The 57-year-old patient who survived two months after undergoing a landmark pig heart transplant died of a pig virus, his transplant surgeon announced last month.
In January, David Bennett, a handyman who suffered from heart failure, underwent a highly experimental surgery at the University of Maryland medical center in which doctors transplanted a genetically modified pig’s heart into him.
Shortly after undergoing the surgery, Bennett died in March. The hospital simply said his condition had worsened over the span of a few days but did not provide an exact cause of death.
Last month, Bennett’s transplant surgeon, Bartley Griffith, revealed that the pig’s heart was infected with a porcine virus known as porcine cytomegalovirus, which may have contributed to Bennett’s death. In a webinar hosted by the American Society of Transplantation on 20 April, Griffith described the virus and doctors’ attempts to treat it, MIT Technology Review first reported on Wednesday.
“We are beginning to learn why he passed on,” said Griffith, adding, “[the virus] maybe was the actor, or could be the actor, that set this whole thing off.”
According to experts, the transplant was a “major test of xenotransplantation,” a process that involves transferring tissues between different species. They believe that the experiment may have been derailed as a result of an “unforced error”, as the pigs that were bred to provide organs are supposed to be free of viruses.
“If this was an infection, we can likely prevent it in the future,” Griffith said during the webinar.
The biggest challenge in animal-to-human organ transplants is the resilience of the human immune system, as it can attack foreign cells in a process called rejection and trigger a response that will ultimately destroy the transplanted organ or tissue.
As a result, companies have been biologically engineering pigs by removing and adding various genes to help conceal their tissues from potential immune attacks. The heart used in Bennett’s case came from a pig that underwent 10 gene modifications carried out by Revivicor, a biotechnology company.
Despite worries that xenotransplantation could trigger a pandemic if a virus were to adapt within a human body and spread to others, experts believe that the specific type of virus in Bennett’s donor heart is not capable of infecting human cells.
According to Jay Fishman, a specialist in transplant infections at Massachusetts General hospital, there is “no real risk to humans” of it spreading to others. Rather, the concern stems from the ability of porcine cytomegalovirus to trigger reactions that can damage and destroy not only the organ, but also the patient.
Experts are hesitant to fully attribute Bennett’s death to the virus. According to Joachim Denner, a researcher at Free University of Berlin’s Institute of Virology, “This patient was very, very, very ill. Do not forget that … Maybe the virus contributed but it was not the sole reason.”

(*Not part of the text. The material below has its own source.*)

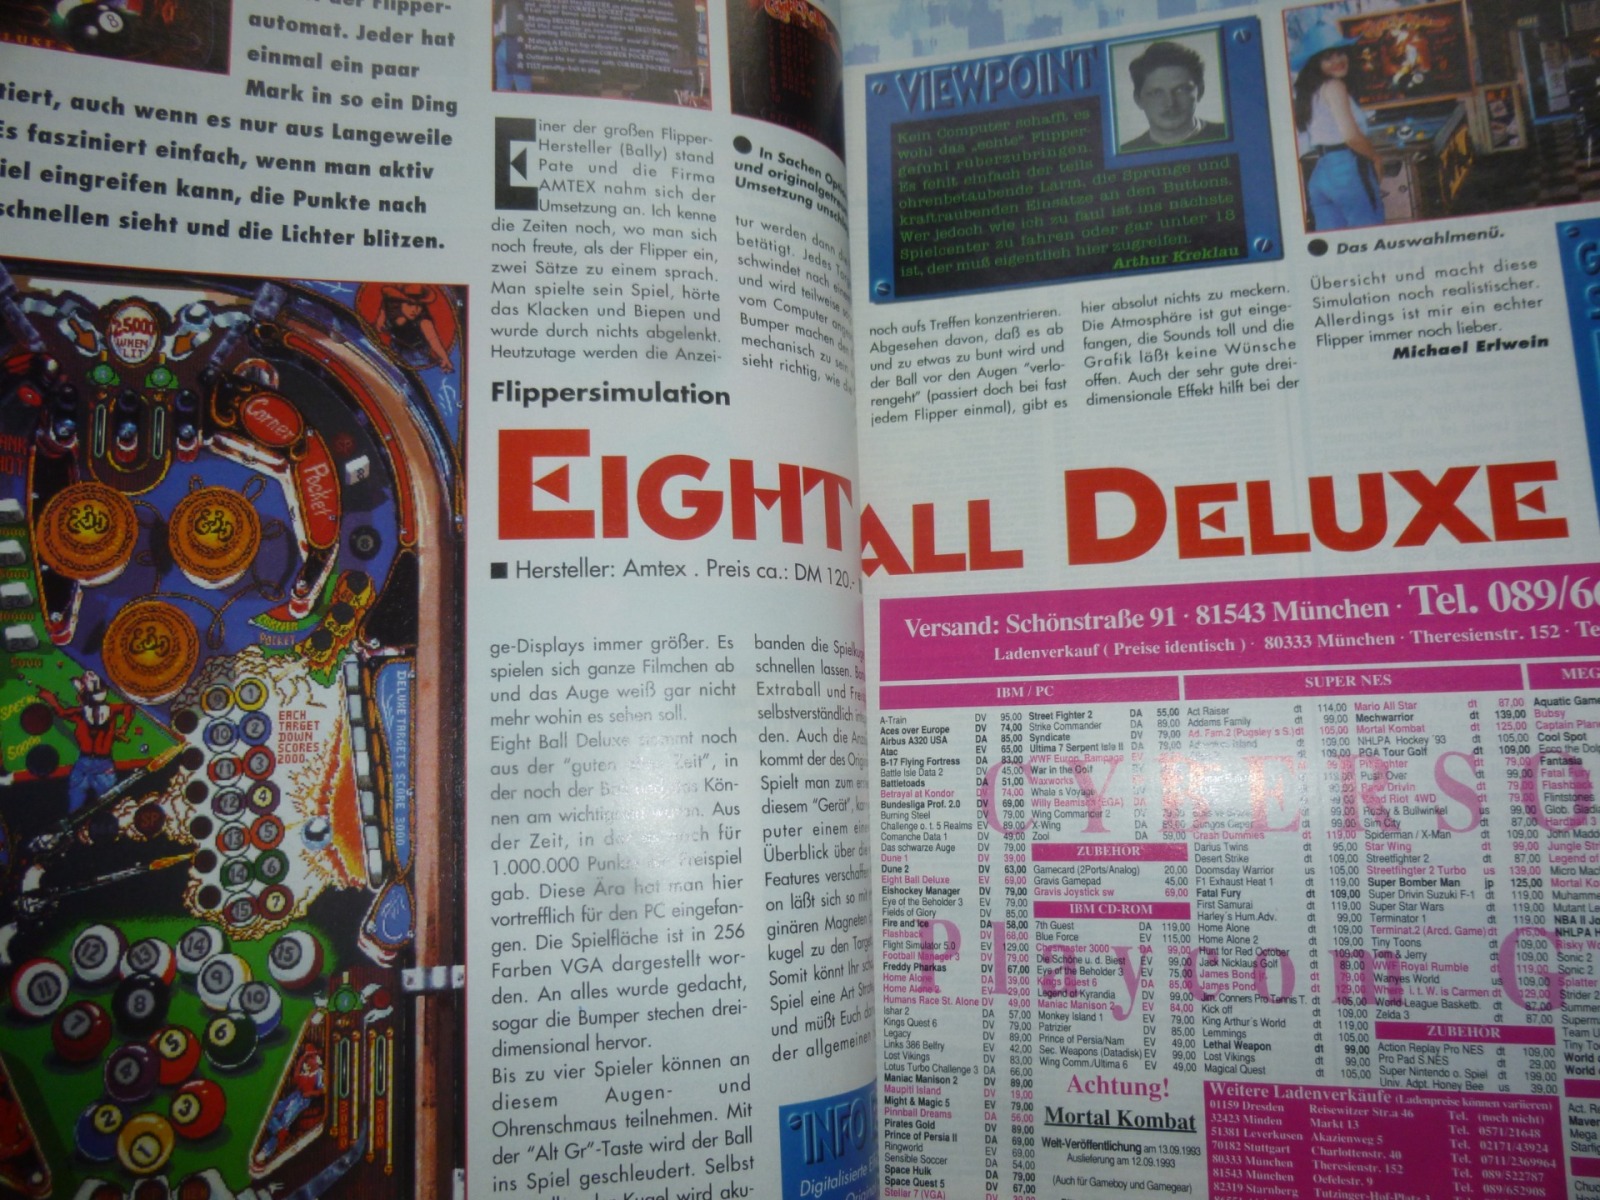 Play Time - Das Computer- und Videospiele-Magazin - Ausgabe 10/93 1993 13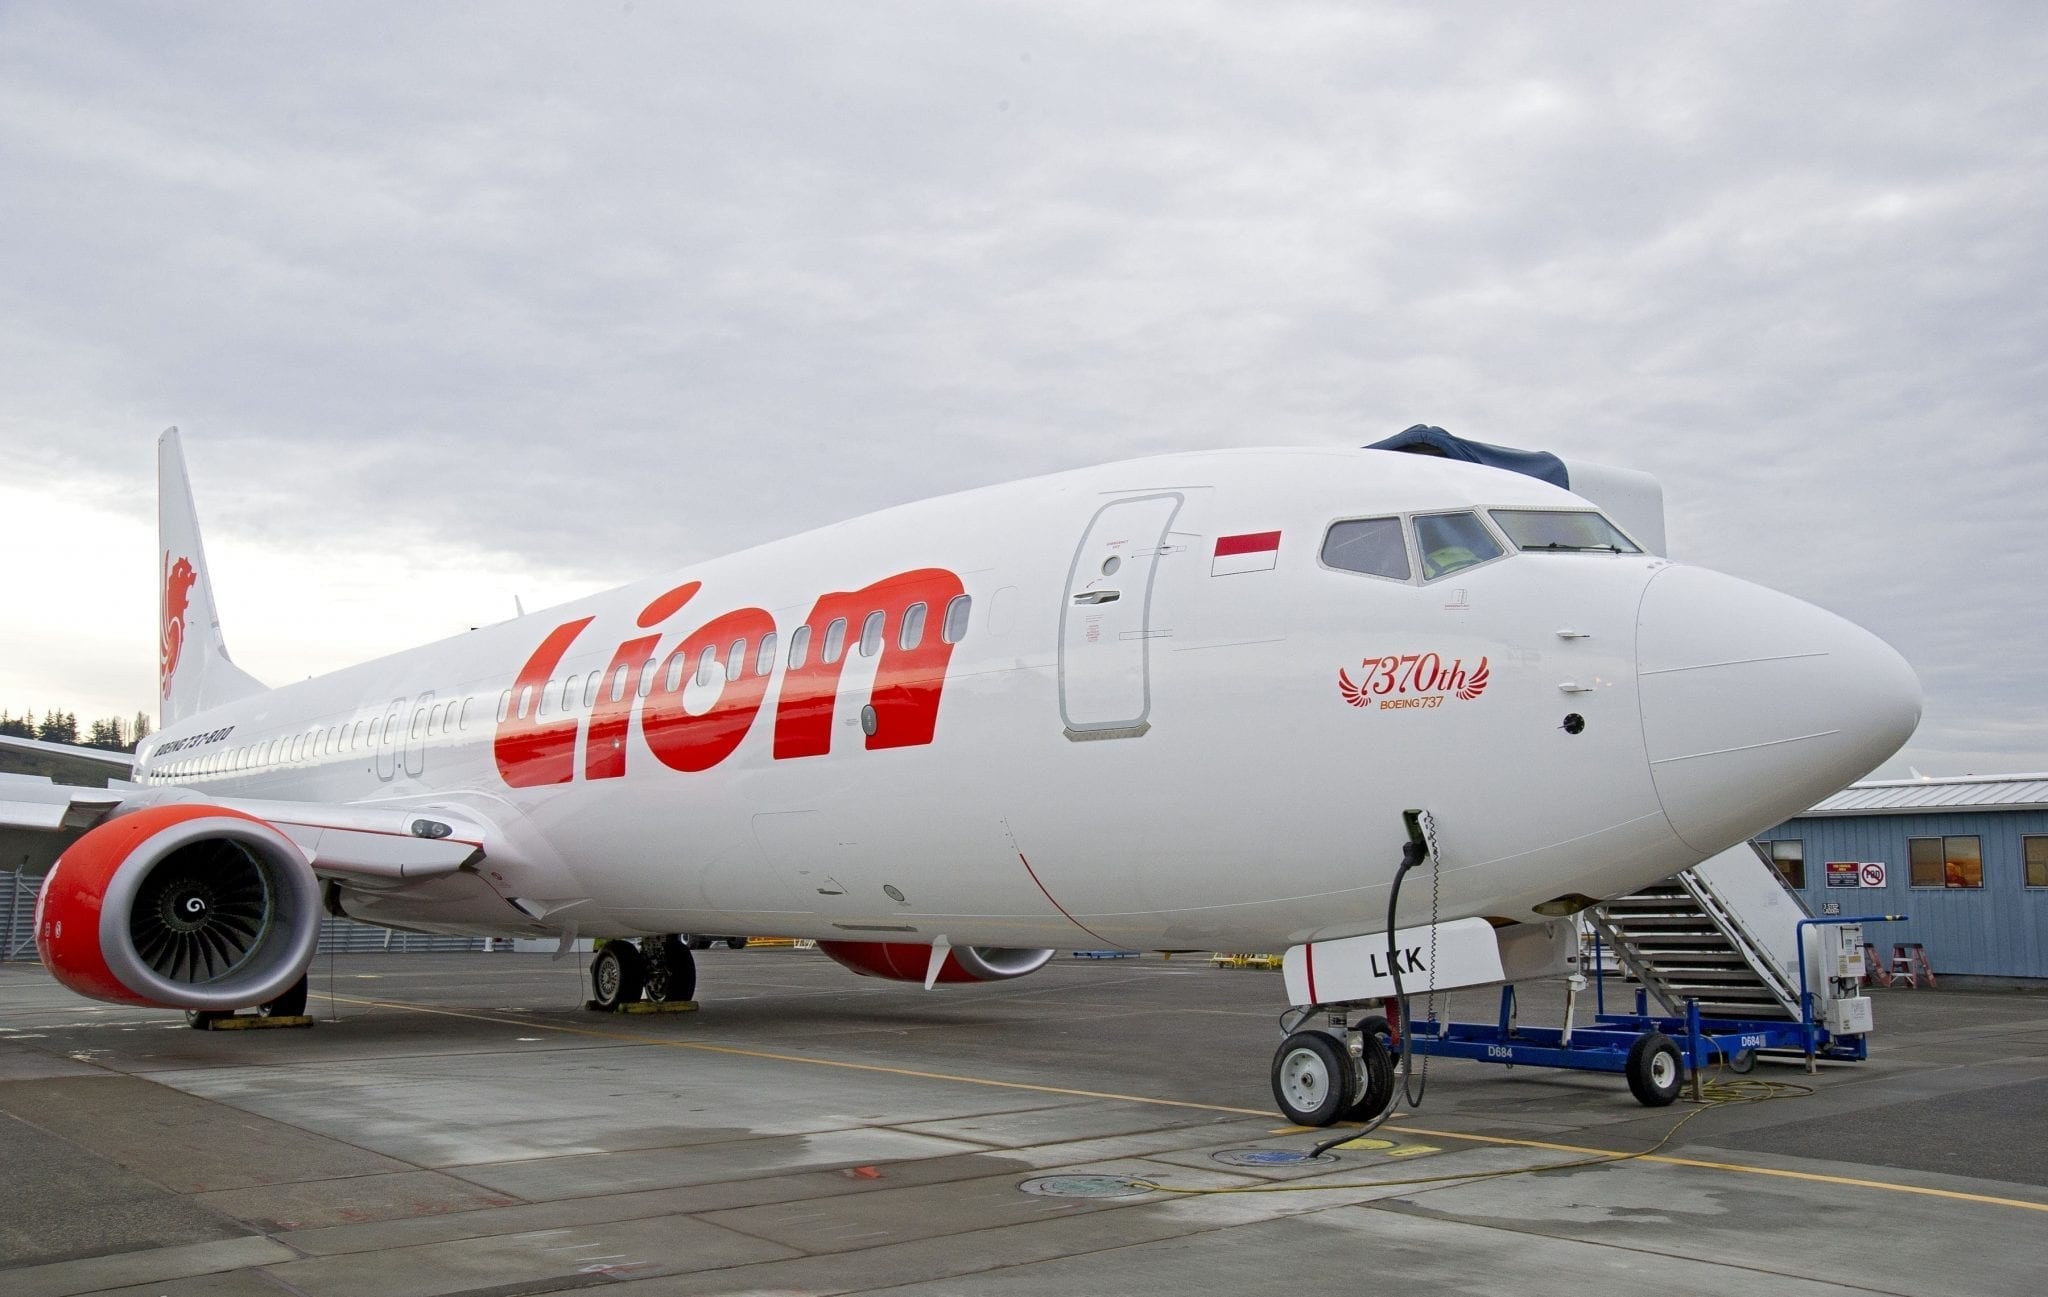 Lion Air, 737 aircraft, Boeing Field, Seattle, 2050x1300 HD Desktop

Two years ago, Denner led a study in which researchers reported that pig hearts transplanted into baboons lasted only several weeks if they contained porcine cytomegalovirus. On the other hand, hearts that were free of the infection were able to survive over six months.
Shortly after Bennett’s surgery, Griffith and his team had frequently monitored his recovery through various blood tests. In one of the tests, doctors examined Bennett’s blood for traces of various viruses and bacterias and found “a little blip” that indicated the presence of porcine cytomegalovirus. However, because its levels were so low, the doctors assumed that the result could have been an error.
Griffith also revealed that because the special blood test was taking approximately 10 days to carry out, doctors were unable to know that the virus was already beginning to multiply rapidly. As a result, this may have triggered a reaction that Griffith now believes was likely “cytokine explosion,” a storm of exaggerated immune response that can cause serious issues.
On the 43rd day of the experiment, doctors discovered that Bennett was breathing hard and warm to the touch. “He looked really funky. Something happened to him. He looked infected,” said Griffith, adding, “He lost his attention and wouldn’t talk to us.”
In attempts to fight Bennett’s infection while keeping his immune system under control, doctors provided him with intravenous immunoglobulin as well as cidofovir, a drug sometimes used in Aids patients. Bennett displayed signs of recovery after 24 hours before his condition worsened again.
“I personally suspect he developed a capillary leak in response to his inflammatory explosion, and that filled his heart with edema, the edema turned into fibrotic tissue, and he went into severe and unreversing diastolic heart failure,” Griffith said in the webinar.